I would like to suggest the addition of a function that implements the concept of “wait for any event” (maybe clWaitForAnyEvent?), as described below:

The Khronos Group · GitHub

Regarding the importance of Pipes:

This is one of the most important new features of OpenCL 2.0 for 2 reasons:

  1. Pipes enable a very general way to achieve near-optimal memory performance by ‘hiding’ the memory read/write latency behind the queueing mechanism. Optimizing memory access patterns is one of the most difficult areas of OpenCL code optimization, and Pipes give us a way to achieve excellent memory utilization with a very simple and general approach.

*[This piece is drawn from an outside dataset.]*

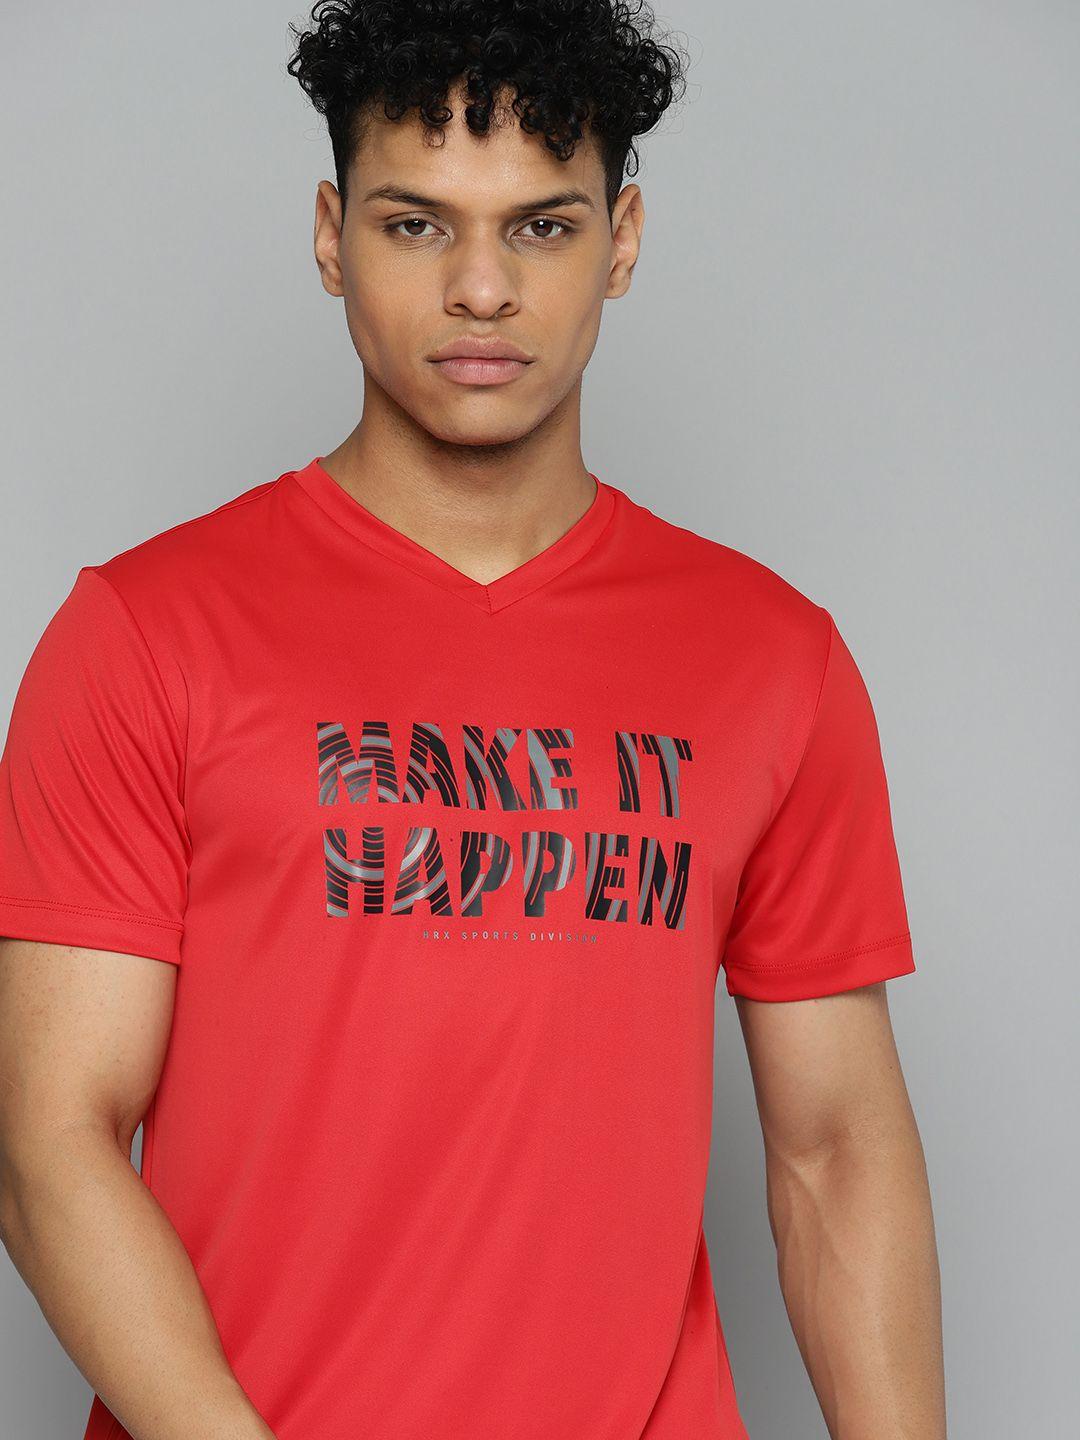 hrx by hrithik roshan men typography printed v-neck badminton t-shirt

  2. Pipes can also mitigate performance issues that arise from code that spends most of it’s time in a loop where that loop contains conditional code paths that are only triggered rarely. For example, let’s say we are searching a large dataset for certain types of patterns, and when a match is found then additional processing of that match is needed. Currently the GPU cores must pay the cost of that additional processing code on every iteration of the loop, even when no match is found! (because of the way SIMD works). With pipes, every time a match is found we can simply write an entry to a pipe and delegate the additional processing to a separate kernel that is reading from that pipe. Essentially we can now extract the seldom used (but always paid for) code from the loop and delegate it to a separate dedicated thread. The speedup to the original thread can be substantial depending on how much processing needs to be done on each match, and how often matches are actually encountered.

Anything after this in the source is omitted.